We were able to enable SAML SSO and also authorization using roles in the token for the web application. While trying to setup backend AD bind for clients API calls, Elasticsearch logs the following error message where it seems to bind successfully with a service account but then tries to lookup an user “admin” in AD for which the authentication fails with “Invalid Credentials”. Elasticsearch is the only application that is started but all other apps including Kibana is down. Not sure where this user “admin” is being passed by the security plugin for AD authentication. Changed the users in internal_users.yml but still the plugin is searching for this ID in AD. Search filter from the security plugin is as follows where it is adding “admin” as parameter: execute request=[org.ldaptive.SearchRequest-763226490::baseDn=DC=CORPQA,DC=GEUC,DC=CORP,DC=GM,DC=COM, searchFilter=[org.ldaptive.SearchFilter-1879440157::filter=(sAMAccountName={0}), parameters={ 0=admin }] Error message: [2020-03-16T13:57:49,921][DEBUG][o.l.p.j.JndiConnectionFactory] [9200] Error connecting to LDAP URL: ldaps://ad-gc-mif-qa.xy.com:3269 org.ldaptive.provider.ConnectionException: javax.naming.AuthenticationException: [LDAP: error code 49 - 80090308: LdapErr: DSID-0C09042F, comment: AcceptSecurityContext error, data 52e, v2580] Thanks Yogesh
Hello, was able to get both SAML and LDAP bind working.
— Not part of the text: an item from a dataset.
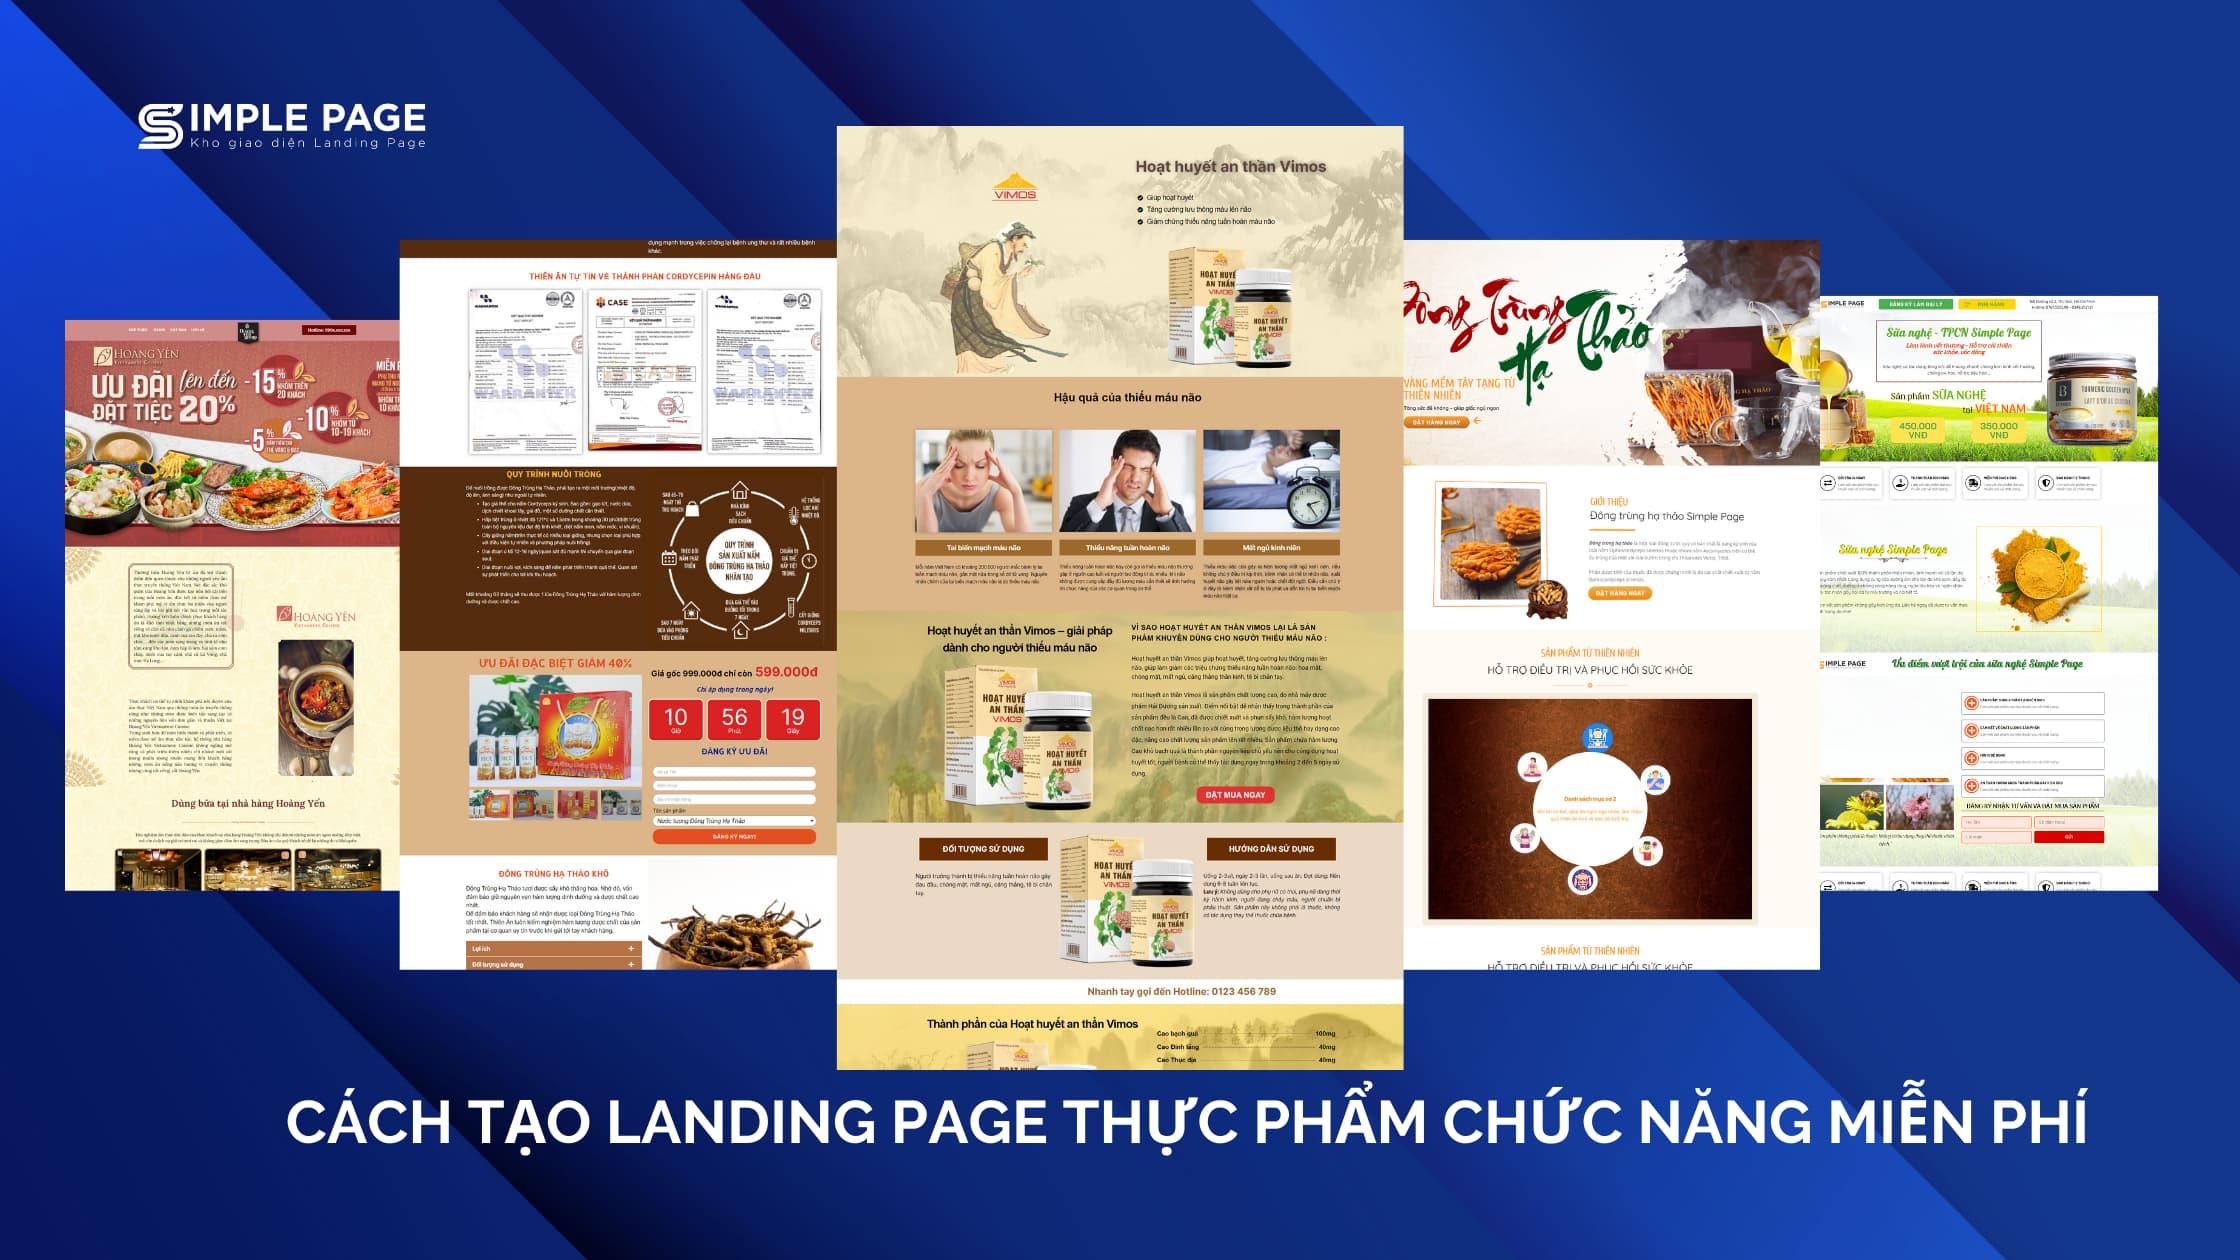 cach-tao-landing-page-thuc-pham-chuc-nang-mien-phi

Had to chain auth domain and include internal_users.yml as well for the user “admin”. Rest all service accounts are authenticated against AD while end users use SAML SSO. Authorization is also working well.
I still have a question, is default user “admin” still needed in internal user database and not use through LDAP ? Can’t internal admin be disabled and only LDAP users be made admins ? Although LDAP users can be made Admins, this internal “admin” seems to be still needed. Please advise if there is a way to remove admin from internal user database. Removing internal auth domain is causing the above LDAP error as it seems be searching for user “admin” in LDAP.
@yogsbang Did you get this working?
You can disable the admin user by removing the admin user from internal_roles.yml file and re-uploading the config with securityadmin.sh script.
If its not working can you confirm which version of odfe you are using?